I read with great interest the excellent work of Talukdar et al. (1), in which the authors demonstrate that melanoma differentiation associated gene-9 (MDA-9)/Syntenin (syndecan binding protein; SDCBP) regulates protective autophagy in glioblastoma stem cells (GSCs) through two cascades: First, the complex composed of MDA-9/Syntenin and focal adhesion kinase (FAK) increases phosphorylated Bcl-2 via PKCα, and, second, EGFR activated by the complex of MDA-9/Syntenin and FAK induces autophagy-related molecules such as Atg5, LC-3, and Lamp1 (1). Anoikis resistance is one of the hallmarks of cancer, which is essential for circulating tumor cells to persistently survive in the bloodstream and to exhibit the colonization/proliferation in the premetastatic niche (the favorable microenvironment for undifferentiated tumor-initiating cells to potentially form the distant metastatic disease) (2).
Although shRNA-mediated depletion of MDA-9/Syntenin exhibited an increased number of autophagosomes regardless of EGFR mutations in GSCs (1), it seems to be important to evaluate mitophagy, selective autophagy-dependent degradation of dysfunctional mitochondria generating reactive oxygen species (ROS). Mitophagy is mainly regulated by the PINK1/Parkin axis. Accumulated PINK1 on the outer mitochondrial membrane (OMM) of depolarized mitochondria results in impaired PARL-mediated PINK1 cleavage, which leads to the recruitment of Parkin. Mitochondria-localized Parkin promotes ubiquitination of OMM-associated proteins, which causes binding with p62/SQSTM1 (3, 4). Moreover, Parkin can also interact with Ambra1, which in turn activates PI3K to facilitate mitophagy (4).
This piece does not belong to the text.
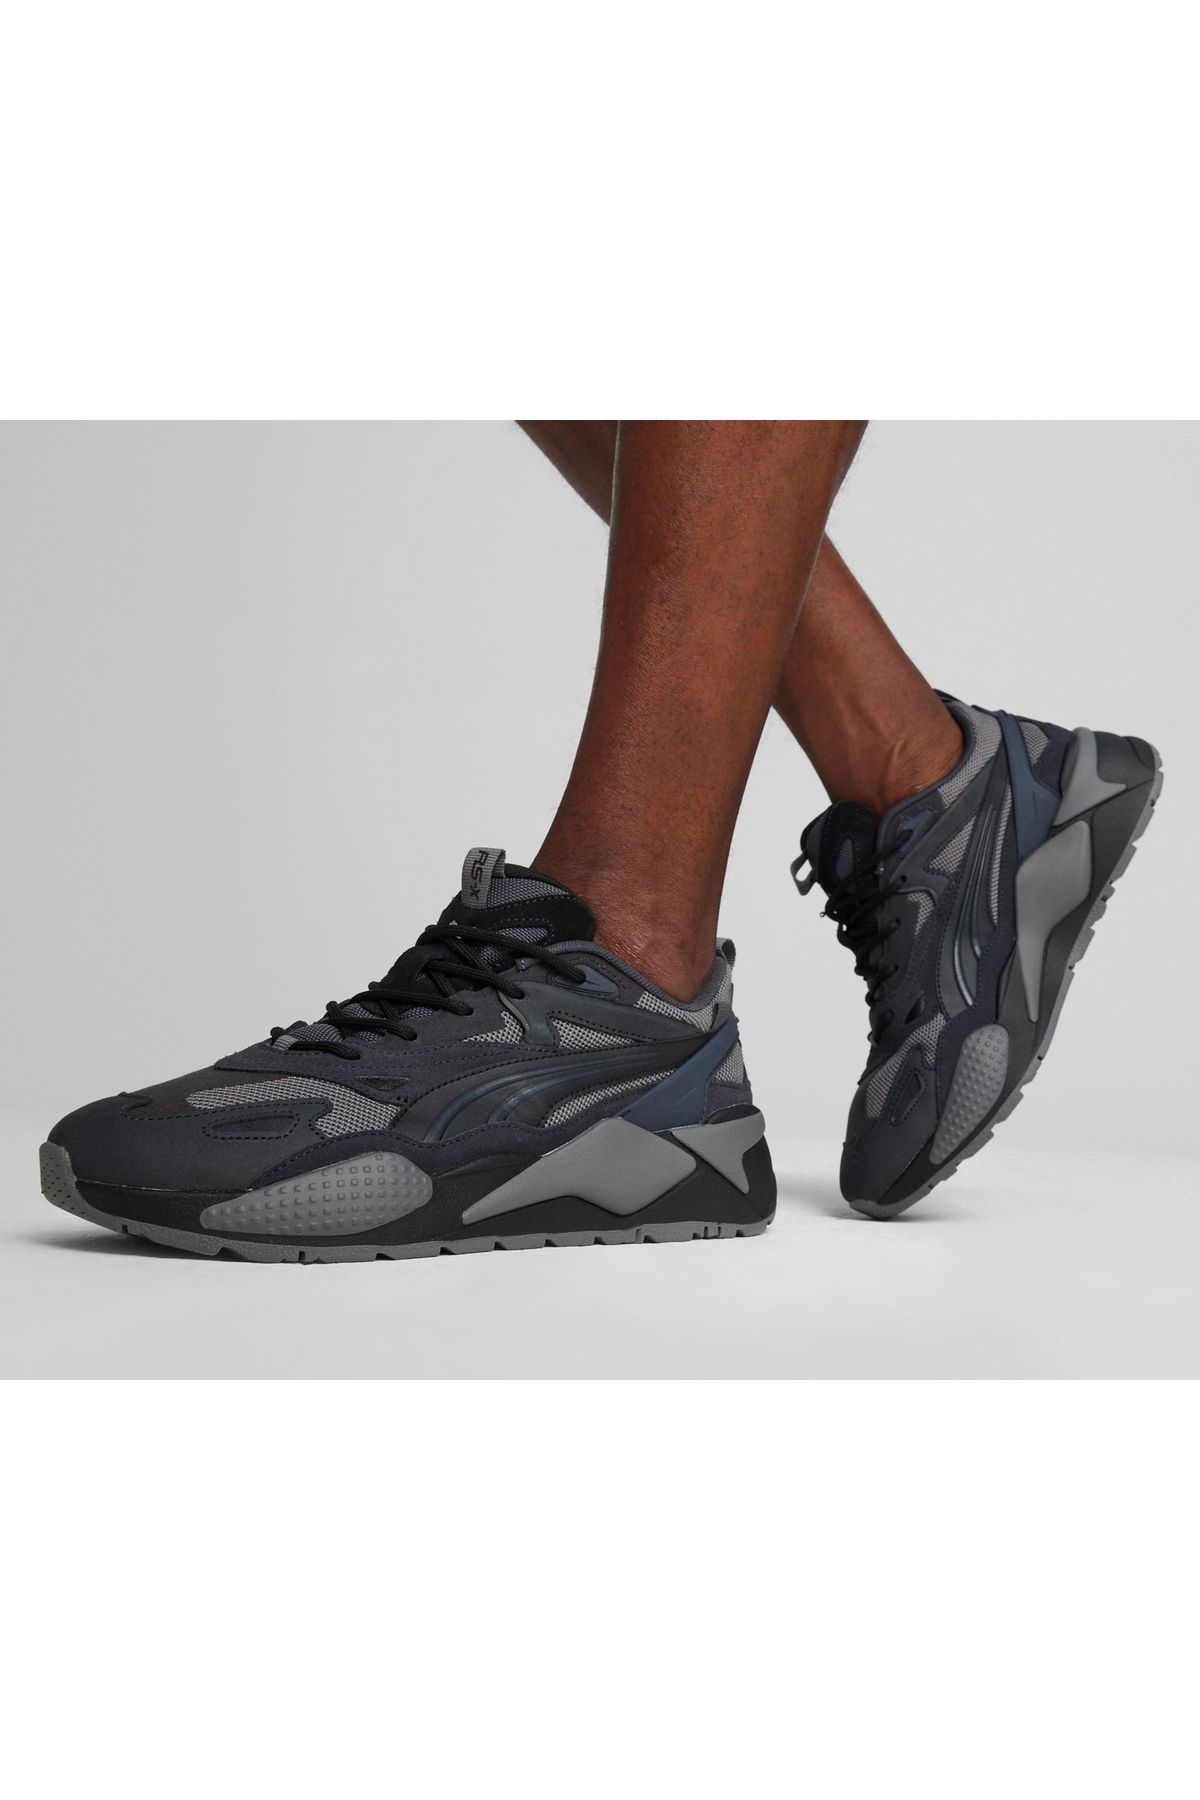 Puma Rs-X Efekt Prm Günlük Ayakkabı Sneaker Siyah

Remarkably, mounting evidence suggests that mitophagy in cancer stem-like cells (CSCs) brings about therapeutic resistance partly due to reduced cytotoxic ROS (5, 6). There are several methods to evaluate mitophagy, including observation of mitochondria in the autophagosomes/autolysosomes with transmission electron microscopy and fluorescent double staining using GFP-LC3 and MitoTracker Red in live cells. Notably, Western blotting analysis of OMM-associated proteins such as Tom20 and Mitofusin is likely to cause misinterpretation. After all, they are preferentially degraded by the proteasome/lysosome cascade.
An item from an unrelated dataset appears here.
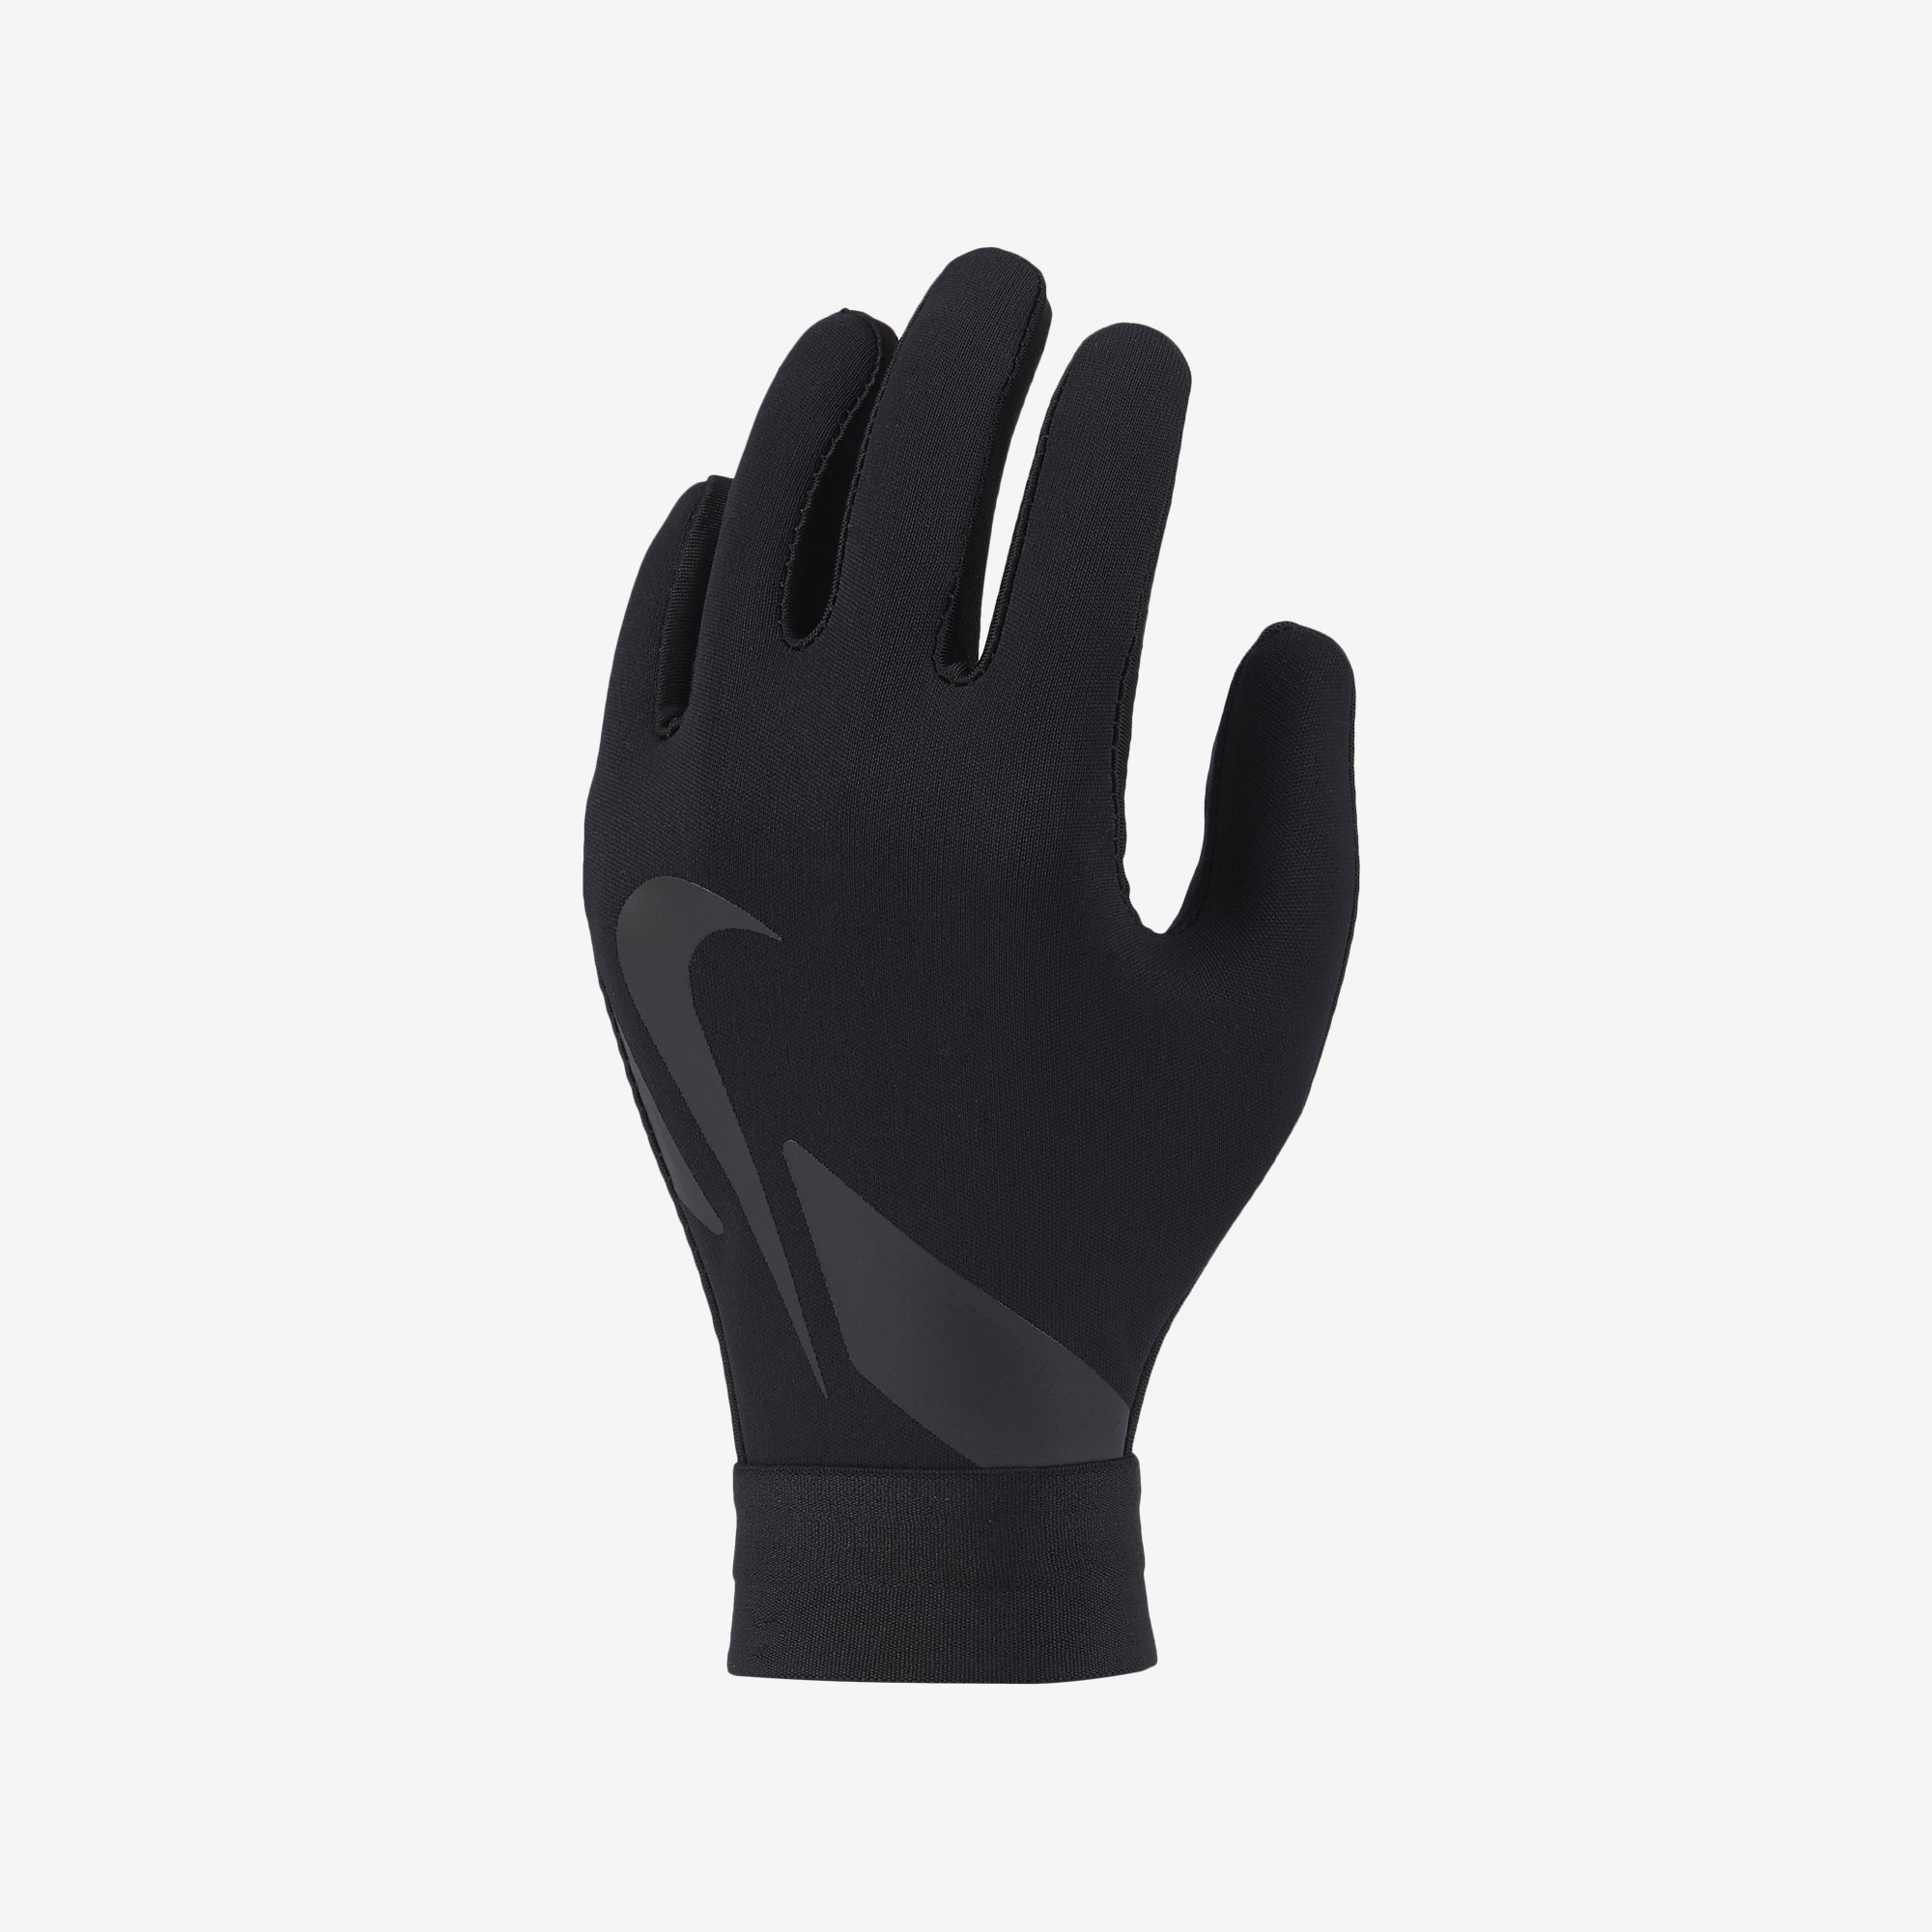 voorzetsel daar ben ik het mee eens Toerist stefanssoccer.com:Nike Youth Hyperwarm Academy Field Player Gloves - Black

I do agree with the authors’ description that Atg5 dysregulation contributes to autophagic cell death (ACD) depending on the cell context (1, 7). An increased number of autophagic vacuoles are accompanied by cell death after treatment with interferon-γ (IFN-γ). This type of ACD triggered by IFN-γ can be inhibited by either 3-Methyladenine (PI3K inhibitor) or Z-VAD-FMK (pan-caspase inhibitor) (7). Shimizu and coworkers (8, 9) clarified the molecular mechanism of Atg5-independent alternative autophagy, and they reported that JNK signal is activated in the process of ACD of murine embryonic fibroblasts (MEFs) established from Bax/Bak double-knockout (DKO) mice treated with etoposide (VP-16), the chemical of which causes genotoxic stress (8, 9). Notably, DKO-MEFs exhibit ACD independent of caspase, which is strikingly different from the above-mentioned ACD (1, 7).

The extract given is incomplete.